As key factors in regulating embryonic morphogenesis and differentiation, HOX genes are reported to be associated with carcinogenesis and chemoresistance. Knockdown of HOXA5 expression by short hairpin RNA in acute myeloid leukemia cells inhibits cell proliferation and enhances cytarabine chemosensitivity.30 Knockdown of HOXA1 expression affects small cell lung cancer cell survival and sensitivity to chemotherapy.31 However, it is unclear whether HOXA13 is involved in chemoresistance in ESCC patients. To further explore the role of HOXA13 in ESCC cisplatin‐chemoresistance, we knocked down HOXA13 expression by HOXA13 siRNA in KYSE70 and overexpressed HOXA13 in KYSE510. The evaluation of cisplatin‐induced inhibition and apoptosis in ESCC cells revealed that low HOXA13 expression increased KYSE70 and KYSE510 sensitivity to cisplatin. Furthermore, we found that the depletion of HOXA13 promoted cisplatin‐induced apoptosis in KYSE70 and KYSE510. These finding suggest a close relationship between HOXA13 and cisplatin‐chemoresistance in ESCC.

According to previous research, EMT is a procedure in which cells lose their epithelial characteristics, accompanied by changes in the expression levels of some proteins, such as E‐cadherin, which is downregulated during EMT. Recent studies have indicated that Snail and E‐cadherin promote chemoresistance. In ovarian cancer cells, Snail mediates chemoresistance by antagonizing p53‐mediated apoptosis.20 In pancreatic cancer, Snail expression promotes chemoresistance.24 Knockdown of Snail increases A549 cell sensitivity to cisplatin.21 E‐cadherin‐dependent intercellular adhesion enhances chemoresistance in Lovo and MCF‐7 cells.22 Hepatocyte induced re‐expression of E‐cadherin in breast and prostate cancer cells increases chemoresistance.32 In addition, some research suggests that the expression of HOX genes is closely related to EMT. For example, HOXA13 exerts a beneficial effect in albumin‐induced EMT via the glucocorticoid receptor pathway in human renal tubular epithelial cells,33 and HOXB13 overexpression is correlated with the aberrant expression of EMT markers in pancreatic carcinoma.34 In the current study, Snail and E‐cadherin, markers of EMT, were deregulated and upregulated in cells with low expression, respectively (i.e. KYSE70 and KYSE510). Transwell analysis indicated that the ability of EMT was decreased in KYSE70 and KYSE510 with low HOXA13 expression. HOXA13 is associated not only with chemoresistance, but also EMT. We posit that HOXA13 might regulate EMT to promote chemoresistance. Therefore, exploration of the relationship between EMT and chemoresistance in ESCC may be a direction for future research.

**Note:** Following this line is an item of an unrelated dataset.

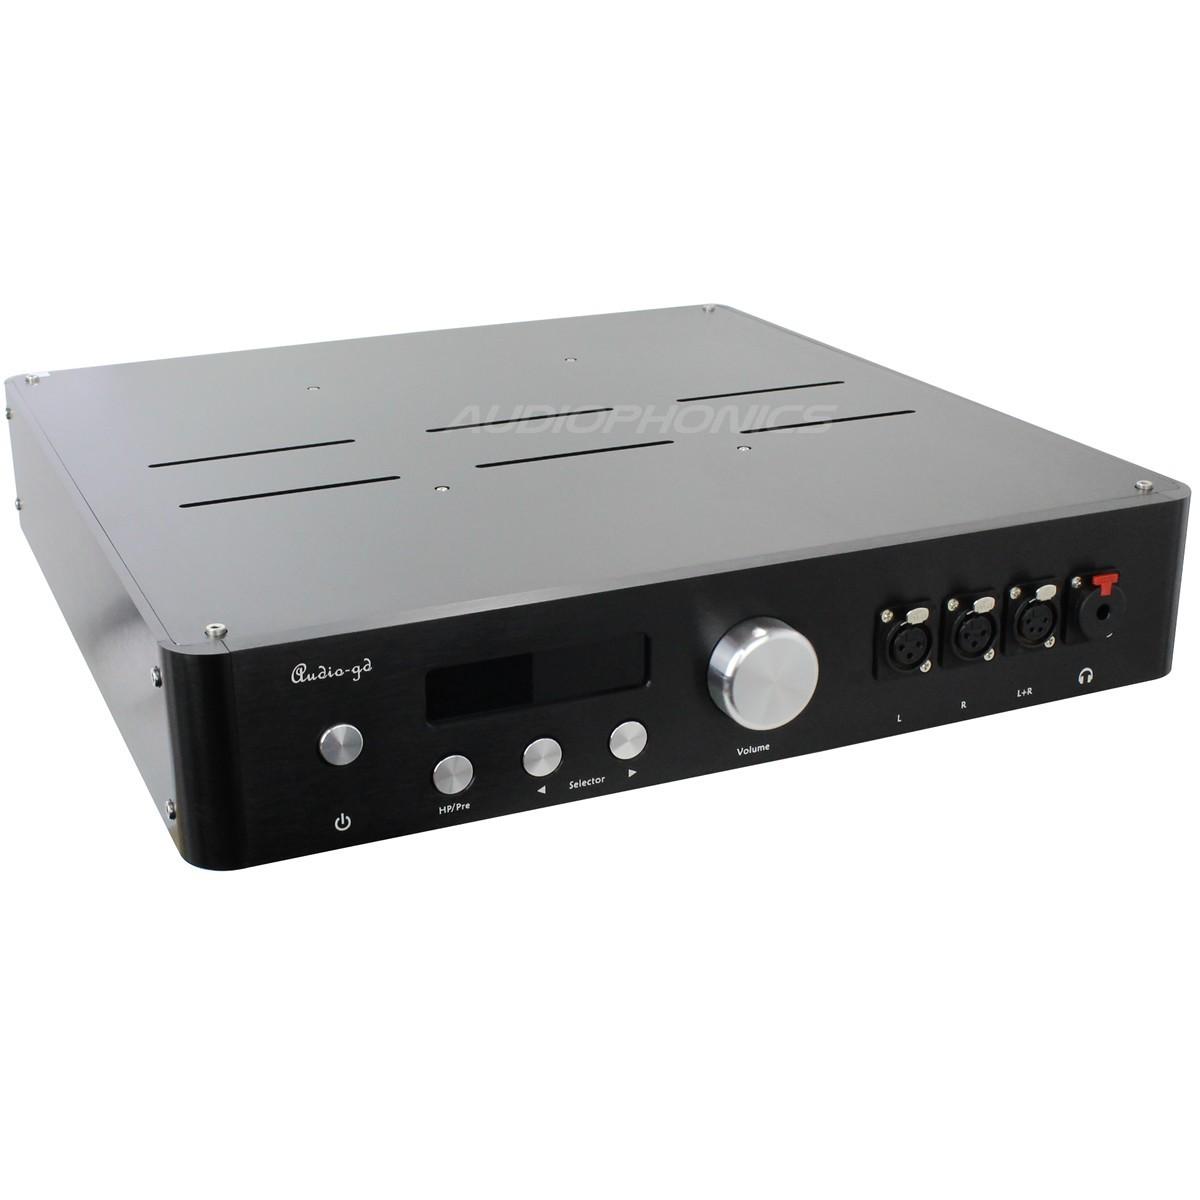 AUDIO-GD MASTER 11 Préampli / Ampli casque / DAC Symétrique 4xPCM1704UK & DSP

Our current study has some limitations. First, the chemotherapy cycles were not pre‐specified or standardized to all treated subjects. In other words, the chemotherapy cycles and the timing of surgery are subject to biases because they were not pre‐specified. Second, chemotherapy may change HOXA13 protein expression levels, but the original HOXA13 levels were not verified in the postoperative specimens of patients administered neoadjuvant chemotherapy. Third, the acquisition of pretreatment samples from all patients was difficult and an analysis of matched biopsy tissues with surgical samples was not possible. Finally, we routinely use platinum‐based doublet regimens for ESCC patients. In the current study, we explored HOXA13 and cisplatin‐resistance. The relationship between paclitaxel resistance and HOXA13 should be explored in future studies.

In conclusion, high HOXA13 expression was associated with inferior TRG and poor overall survival in ESCC patients treated with neoadjuvant chemotherapy. Moreover, high expression enhances cisplatin‐chemoresistance and promotes EMT in ESCC cell lines.

Disclosure

No authors report any conflict of interest.